Ed Miliband si è diplomaticamente dichiarato equidistante dalla diatriba, a favore di un partito che raggiunge e coinvolge senza distinzioni individui e organizzazioni. Ma, certamente a breve, dovrà prendere posizione nei confronti dell'offensiva dei sindacati e di pezzi consistenti del partito che, sull'onda del ritrovato consenso, hanno voglia di fare i conti con personcine di un certo spessore di evidente marca neolaburista, come il fratello di Ed, David Miliband, e parte dell'attuale shadow cabinet, a partire da Ed Balls, non a caso scelto come ministro (ombra) del Tesoro. Fare i conti, diciamo brutalmente, con il pretesto di ritrovare - si vedano i prefissi delle parole della Turner citate sopra: ri-costituire, ri-tornare - un'origine ideale del partito, principi e idee costituenti annacquate da quindici anni di blairismo.

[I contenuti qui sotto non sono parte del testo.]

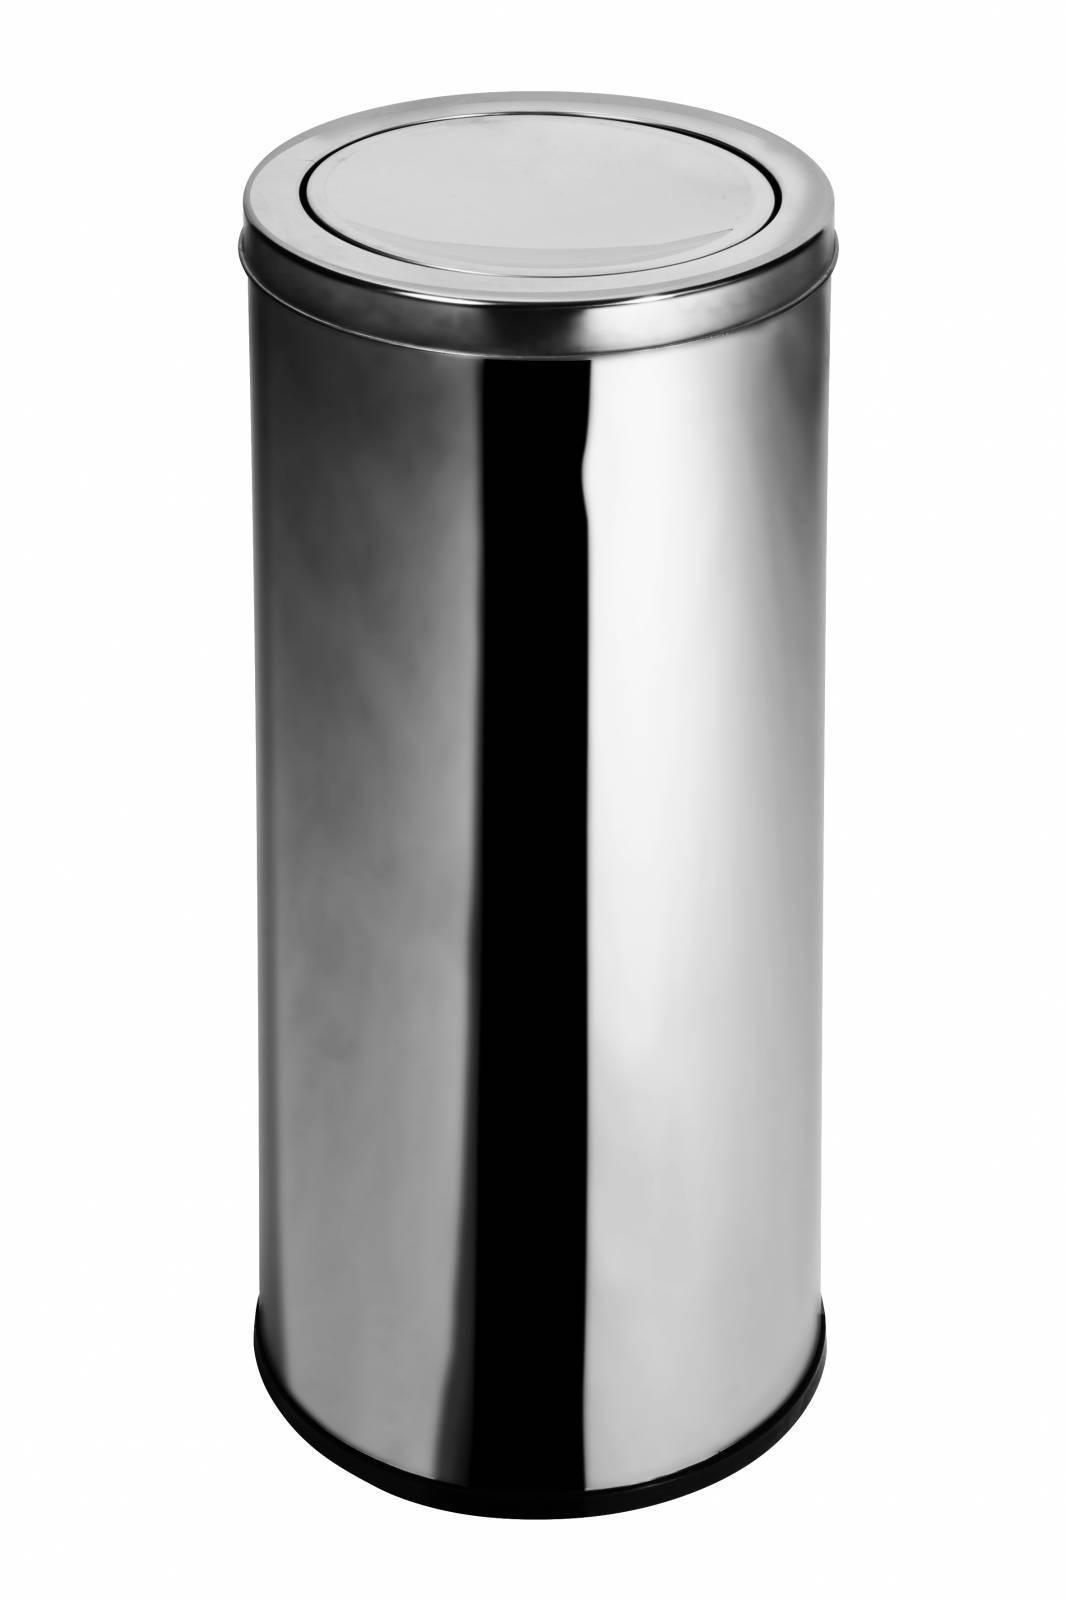 Lixeira Inox c/ tampa Basculante 22 - Litros Elegance

Che aveva subito chiarito i rapporti tra partito e sindacati, allontanandoli dalla sfera decisionale interna e 'relegandoli' al proprio ruolo. Quello stesso blairismo ha avuto il merito di rendere il partito eleggibile per tre mandati consecutivi, ma ora attraversa una pericolosa trasformazione, che cancella i risultati raggiunti e vede la mutazione del cognome Blair e del suo aggettivo, blairite, in sinonimi di 'conservatori', se non in veri e propri insulti. Nella miglior tradizione orwelliana, secondo un articolo online di Progress: meno parole nel dizionario uguale meno pensieri e, di conseguenza, meno spazio per il dissenso.

Paolo Donadio. Ricercatore di Linguistica inglese della Federico II, Napoli. Si occupa dei fenomeni di ibridazione del discorso politico e dell'interazione tra lingua e identità politica (Il partito globale. La nuova lingua del neolaburismo britannico, Franco Angeli 2005).